International trade unions have stood in the way of the anti-asbestos lobby. Before that large-scale information campaigns had often failed to allow national governments to protect their industry and workplaces of hundreds of thousands of people employed by the industry. Nowadays the active trade union and international movement lets researchers and experts present results of independent expert examinations to the public.
The trade union movement actively opposed the ban in international organizations such as the World Health Organization (WHO) and led the WHO to the decision about a differentiated approach to regulating different types of asbestos fibers. This was fiercely counteracted by the anti-asbestos lobby that insisted on the review of this decision through affiliated officials. Quite often some WHO officials related to the lobby directly sabotage resolutions of their own organization by ignoring the decision about the differentiated approach to different types of asbestos made by the World Health Assembly. It should be noted that thanks to the trade unions such cases received wide publicity, thus saving the delegations from chrysotile-producing countries from undue pressure.
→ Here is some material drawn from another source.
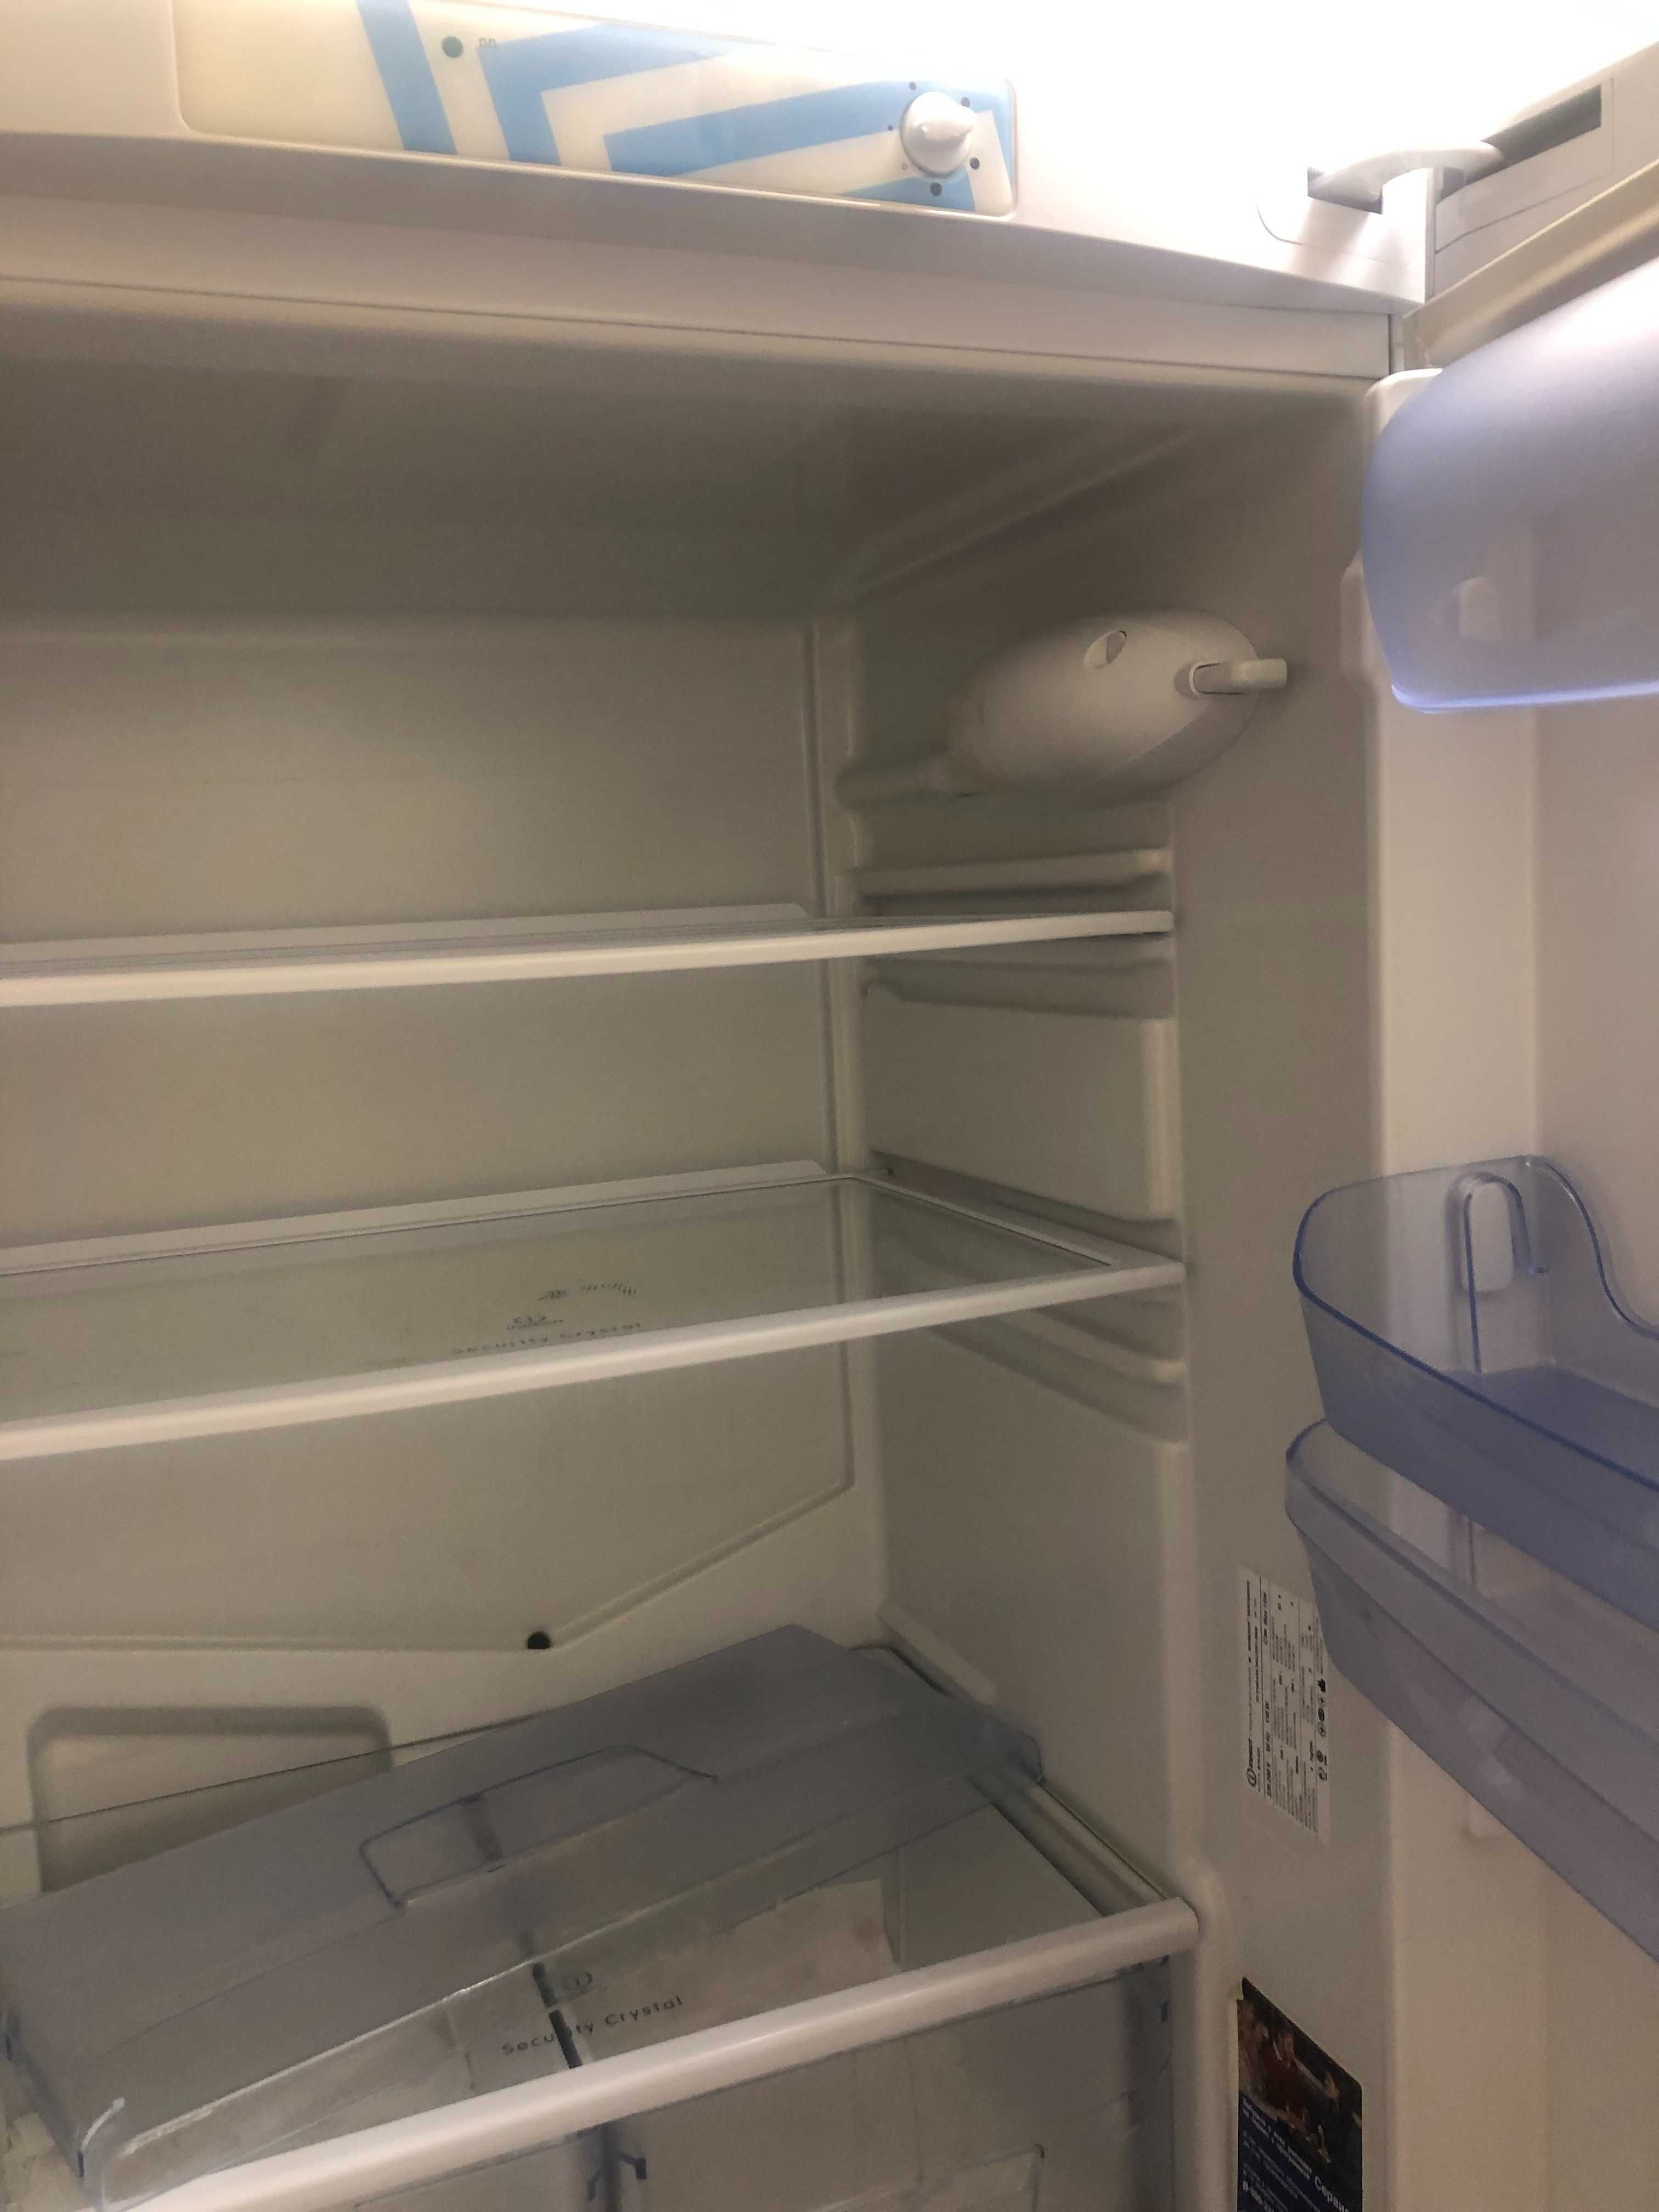 Холодильник Индезит, требующий ремонта или на запчасти

According to Andrey Kholzakov, today it is most important not to allow the lobbying structures to manipulate the public opinion. The scientific judgment on chrysotile is as follows: its controlled use poses no health risk. Risks for health of workers and population are present only if the established safety rules are broken, as is the case in the use of any other building materials. This is the official position of the Russian Academy of Medical Sciences. And nobody is going to review this assessment. No grounds.